*MATERIAL SUPPLIED*.
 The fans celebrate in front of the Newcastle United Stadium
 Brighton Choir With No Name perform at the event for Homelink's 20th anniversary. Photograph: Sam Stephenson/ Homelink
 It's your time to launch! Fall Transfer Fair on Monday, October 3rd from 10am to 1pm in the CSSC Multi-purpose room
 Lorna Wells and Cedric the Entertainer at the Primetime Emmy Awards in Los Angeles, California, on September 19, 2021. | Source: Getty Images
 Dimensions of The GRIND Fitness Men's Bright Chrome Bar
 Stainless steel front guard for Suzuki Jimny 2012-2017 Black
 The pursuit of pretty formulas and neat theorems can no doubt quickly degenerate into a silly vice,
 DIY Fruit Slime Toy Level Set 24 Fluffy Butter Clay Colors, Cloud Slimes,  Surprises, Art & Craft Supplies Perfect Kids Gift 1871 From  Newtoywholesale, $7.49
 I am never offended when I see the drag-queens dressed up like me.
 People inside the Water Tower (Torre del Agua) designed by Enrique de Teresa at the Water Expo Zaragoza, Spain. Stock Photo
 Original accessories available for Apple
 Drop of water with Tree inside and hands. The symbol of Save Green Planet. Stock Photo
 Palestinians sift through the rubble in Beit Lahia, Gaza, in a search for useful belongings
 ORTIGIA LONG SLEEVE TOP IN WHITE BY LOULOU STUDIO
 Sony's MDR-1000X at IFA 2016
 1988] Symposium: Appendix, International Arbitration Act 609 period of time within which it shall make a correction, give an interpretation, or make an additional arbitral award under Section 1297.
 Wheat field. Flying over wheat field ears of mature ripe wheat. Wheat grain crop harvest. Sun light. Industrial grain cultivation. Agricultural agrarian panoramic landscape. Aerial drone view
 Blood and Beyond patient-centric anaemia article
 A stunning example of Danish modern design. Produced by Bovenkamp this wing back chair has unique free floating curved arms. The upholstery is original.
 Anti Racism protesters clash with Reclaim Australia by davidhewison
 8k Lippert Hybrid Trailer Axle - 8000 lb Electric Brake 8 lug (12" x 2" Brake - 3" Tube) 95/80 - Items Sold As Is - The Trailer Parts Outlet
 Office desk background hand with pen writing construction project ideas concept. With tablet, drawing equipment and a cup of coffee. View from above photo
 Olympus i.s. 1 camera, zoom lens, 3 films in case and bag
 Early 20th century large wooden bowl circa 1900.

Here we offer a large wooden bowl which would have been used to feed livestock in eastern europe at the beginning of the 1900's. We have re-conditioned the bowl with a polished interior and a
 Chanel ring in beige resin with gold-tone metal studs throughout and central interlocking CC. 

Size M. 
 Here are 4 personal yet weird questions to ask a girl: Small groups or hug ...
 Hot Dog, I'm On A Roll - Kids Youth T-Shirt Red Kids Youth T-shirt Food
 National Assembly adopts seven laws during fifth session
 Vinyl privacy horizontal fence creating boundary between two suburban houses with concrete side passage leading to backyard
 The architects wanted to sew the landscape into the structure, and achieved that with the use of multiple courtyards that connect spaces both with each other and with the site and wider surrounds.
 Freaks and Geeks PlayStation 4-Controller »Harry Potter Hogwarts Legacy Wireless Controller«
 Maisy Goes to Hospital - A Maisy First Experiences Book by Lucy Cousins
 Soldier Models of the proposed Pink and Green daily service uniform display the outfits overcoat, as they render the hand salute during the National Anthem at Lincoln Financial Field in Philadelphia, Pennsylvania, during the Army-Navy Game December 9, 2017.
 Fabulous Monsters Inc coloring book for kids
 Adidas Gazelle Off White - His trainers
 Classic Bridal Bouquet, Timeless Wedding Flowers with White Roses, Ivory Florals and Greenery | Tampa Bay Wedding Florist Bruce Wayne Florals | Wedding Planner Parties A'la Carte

*BRIEF*. Set down, exactly as they appear, the lines above from the first one to the line that holds "Stainless steel front", both included, please, and no others.

*THE COMPLETED TASK*.
 The fans celebrate in front of the Newcastle United Stadium
 Brighton Choir With No Name perform at the event for Homelink's 20th anniversary. Photograph: Sam Stephenson/ Homelink
 It's your time to launch! Fall Transfer Fair on Monday, October 3rd from 10am to 1pm in the CSSC Multi-purpose room
 Lorna Wells and Cedric the Entertainer at the Primetime Emmy Awards in Los Angeles, California, on September 19, 2021. | Source: Getty Images
 Dimensions of The GRIND Fitness Men's Bright Chrome Bar
 Stainless steel front guard for Suzuki Jimny 2012-2017 Black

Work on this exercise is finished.